If any form of accommodation would constitute undue hardship for the employer, it will not be required. It is also important to note that individuals are not entitled to their preferred form of accommodation; rather, the employer is obligated to identify any reasonable forms of accommodation and choose from them, if there are any.
There have been a handful of cases already where individuals were dismissed when their employer found out that they used marijuana for medicinal purposes, despite the lack of any evidence that it had an impact on their work. In one case, the reality was that the individual had apparently used medicinal marijuana for years without incident. Such dismissals will not be upheld.
In a very recent case, the dismissal of an employee who used marijuana medicinally, pursuant to a legitimate prescription, was upheld. However, in that case the dismissal was justified based on the individual’s failure to report their use as required by policy.
That gets to another point that we often make: Employers should have drug and alcohol policies in place. Those policies should clearly prohibit the use of illicit drugs or alcohol in the workplace, as well as make it clear that coming to work while impaired is unacceptable. That is fairly common in most such policies. However, most policies do not address the issue of prescription medication. They should make it clear that employees who are using prescription medication that might cause impairment must report this to the employer. In this manner, prescription marijuana would be treated differently than any other form of prescription medication.

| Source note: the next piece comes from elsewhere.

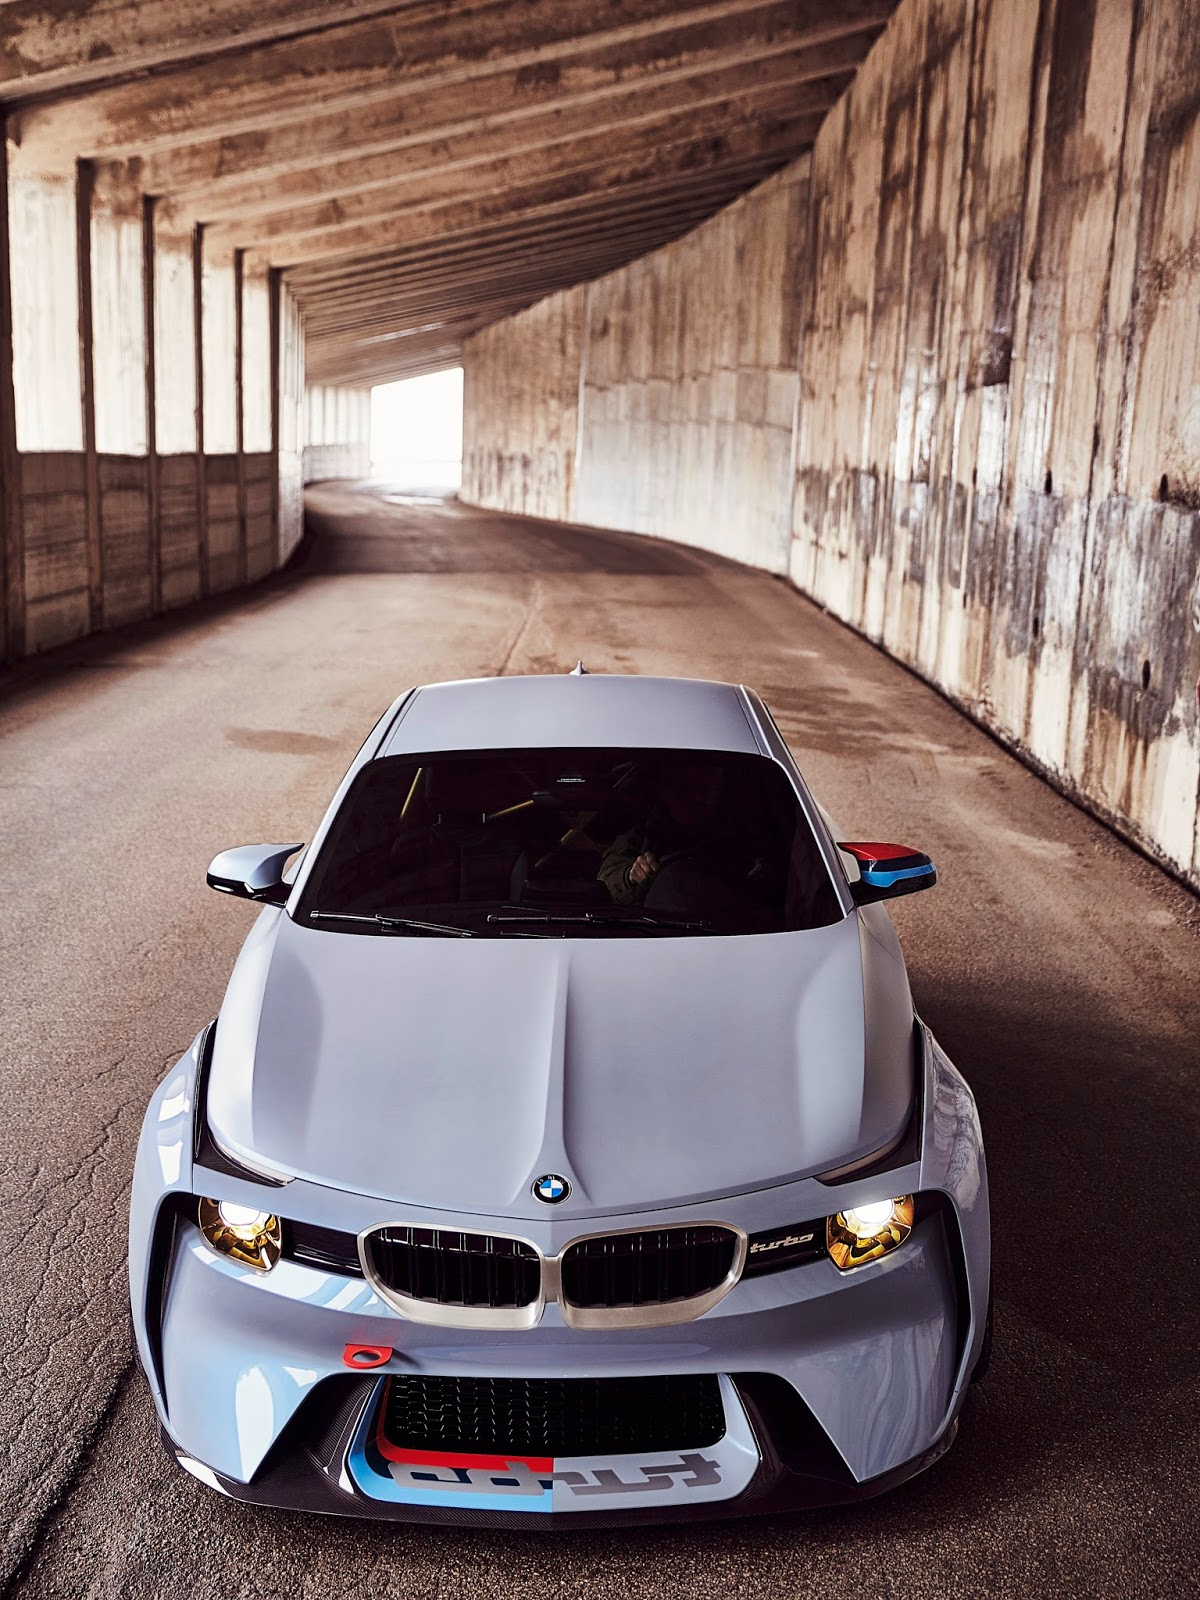 P90219719 highRes bmw 2002 hommage 05 1 1 H BMW γιορτάζει τα 50 χρόνια της θρυλικής 2002 turbo και παρουσιάζει την Bmw 2002 Hommage BMW, BMW 2002, BMW 2002 turbo, BMW Concept, BMW Hommage, supercars, videos

In International Brotherhood of Electrical Workers, Local Union 1620 v Lower Churchill Transmission Construction Employers' Assn. Inc. (Uprichard Grievance), the grievor was dismissed after a safety advisor smelled marijuana inside a truck that the grievor had been using. The grievor stated that he did not use marijuana at work, but mentioned that he would not pass a drug test. The company learned that the grievor had a prescription for medicinal marijuana and did, in fact, use it. He had never reported this to the company. The company decided that his failure to report the prescription, and his possession and use of marijuana at the worksite, were breaches of the Nalcor Energy Lower Churchill Project Drug and Alcohol Standard (the "LCP Standard").
Notably, the Project Handbook established “safety absolutes,” one of which was that failure to comply with the LCP Standard would result in dismissal in the absence of exceptional mitigating circumstances. The grievor filed a grievance, which was denied. The arbitrator found that there was just cause to dismiss the grievor for the reasons set out above, and that none of the potential exceptions — 1) possession of prescription drugs that did not adversely affect an employee's ability to safely perform her duties and 2) employees who notified their supervisors of any potentially unsafe side effects associated with their use of prescription drugs — applied.

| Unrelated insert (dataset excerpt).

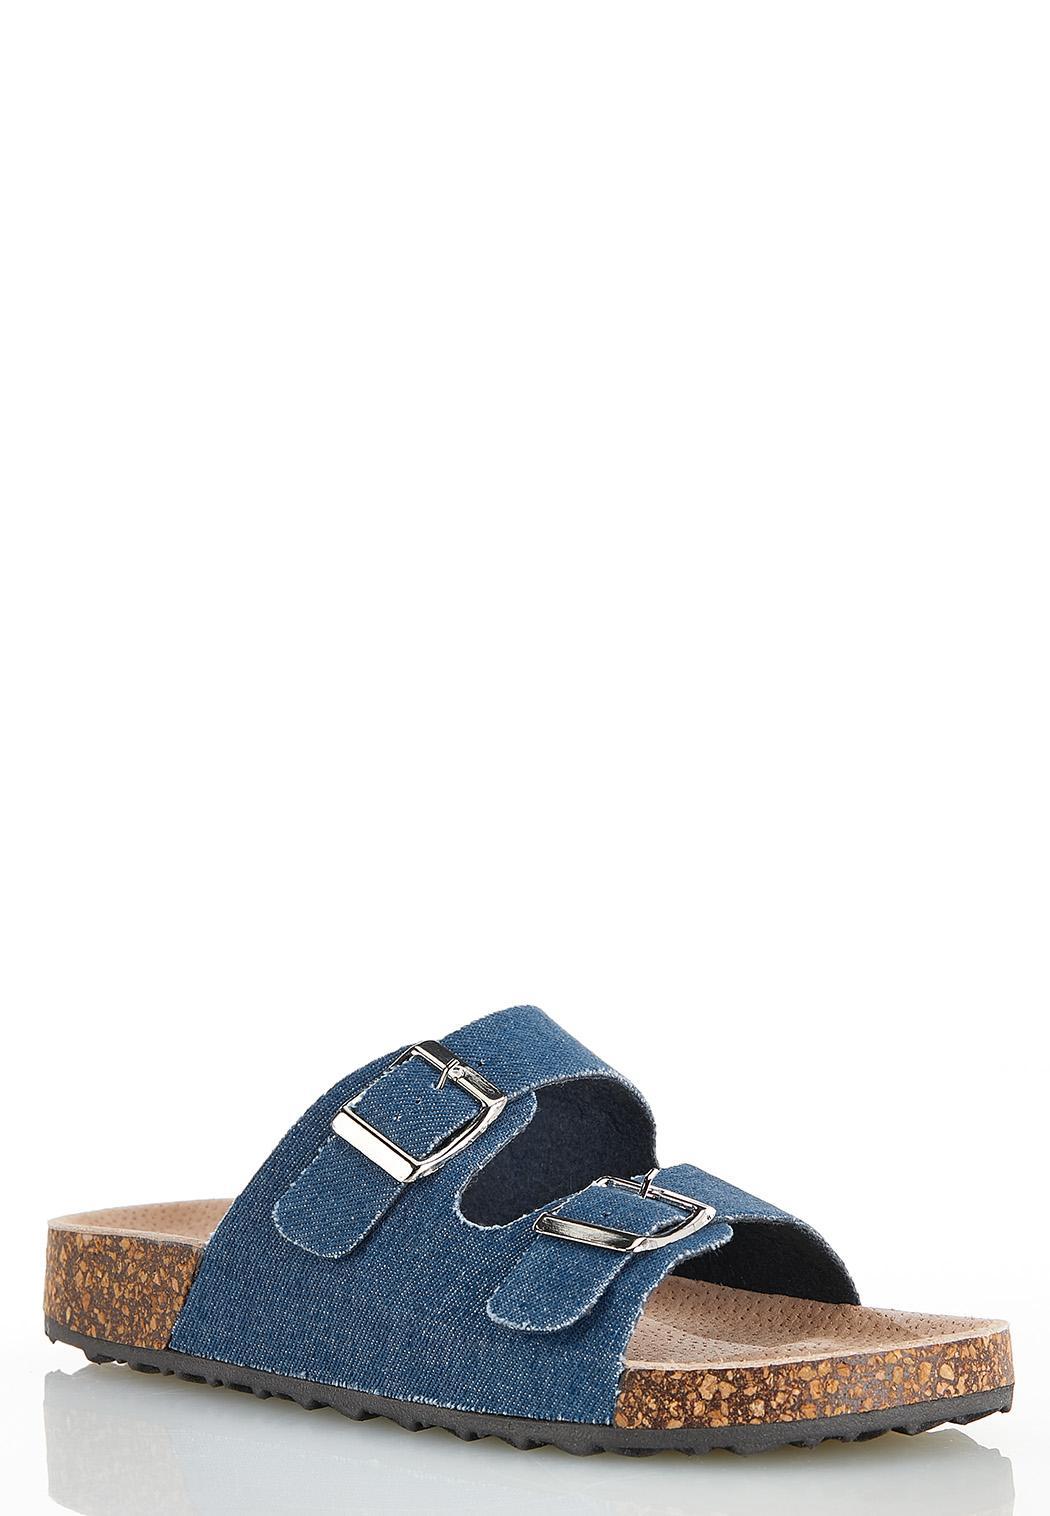 Double Buckle Denim Sandals

The grievor also alleged that dismissing him for use of prescription medication was discrimination contrary to the Human Rights Act. However, the arbitrator undertook the analysis set out in the Meiorin case and found that there was a bona fide occupational requirement and therefore no breach of human rights.
The employer succeeded in this case largely due to the fact it had a well-written policy in place and it could justify the policy, and the application thereof, based upon a genuine occupational requirement. That is an important lesson for employers to take. For employees, any use of prescription medication which might cause impairment at work should be reported to the employer.